Before Hawking’s talk, all cosmological origin stories, scientific or theological, had invited the rejoinder, “What happened before that?” The Big Bang theory, for instance — pioneered 50 years before Hawking’s lecture by the Belgian physicist and Catholic priest Georges Lemaître, who later served as president of the Vatican’s academy of sciences — rewinds the expansion of the universe back to a hot, dense bundle of energy. But where did the initial energy come from?

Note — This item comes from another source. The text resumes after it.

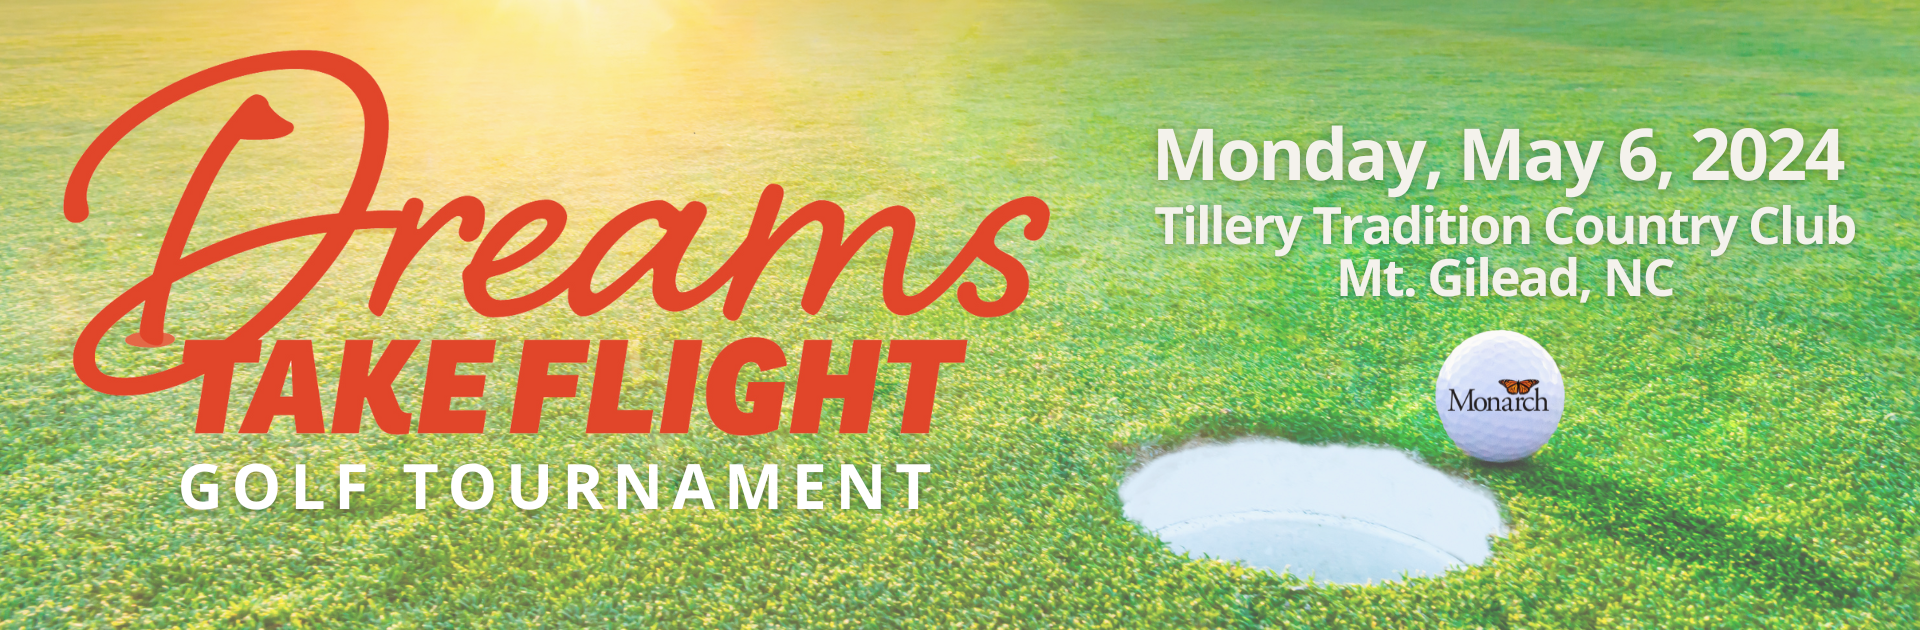 Golf Tournament May 6
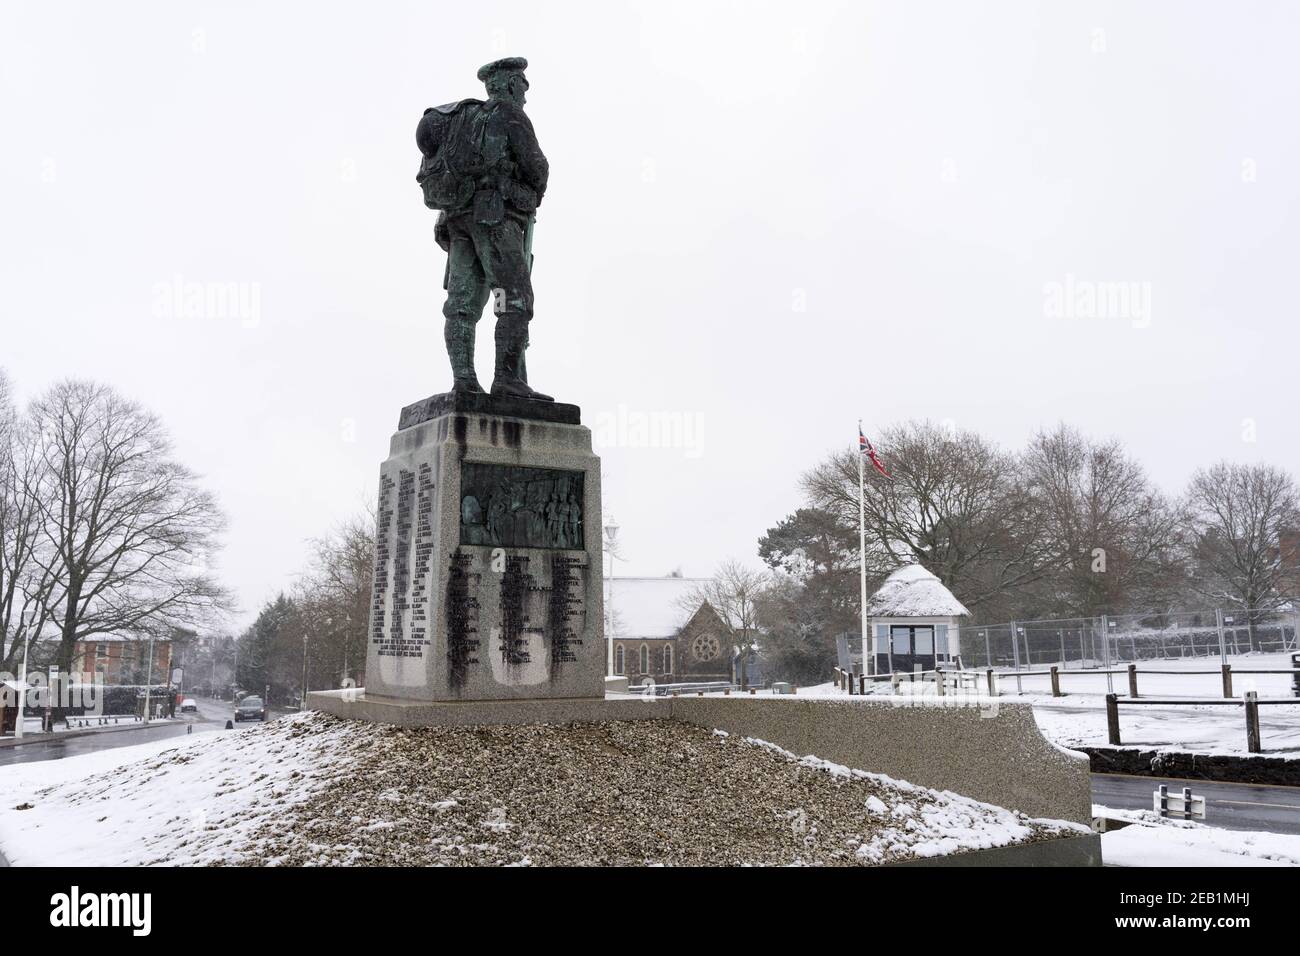 Snow blanked the war memorial on The Vine in Sevenoaks, Kent, England Stock Photo

The Big Bang theory had other problems. Physicists understood that an expanding bundle of energy would grow into a crumpled mess rather than the huge, smooth cosmos that modern astronomers observe. In 1980, the year before Hawking’s talk, the cosmologist Alan Guth realized that the Big Bang’s problems could be fixed with an add-on: an initial, exponential growth spurt known as cosmic inflation, which would have rendered the universe huge, smooth and flat before gravity had a chance to wreck it. Inflation quickly became the leading theory of our cosmic origins. Yet the issue of initial conditions remained: What was the source of the minuscule patch that allegedly ballooned into our cosmos, and of the potential energy that inflated it?
Hawking, in his brilliance, saw a way to end the interminable groping backward in time: He proposed that there’s no end, or beginning, at all. According to the record of the Vatican conference, the Cambridge physicist, then 39 and still able to speak with his own voice, told the crowd, “There ought to be something very special about the boundary conditions of the universe, and what can be more special than the condition that there is no boundary?”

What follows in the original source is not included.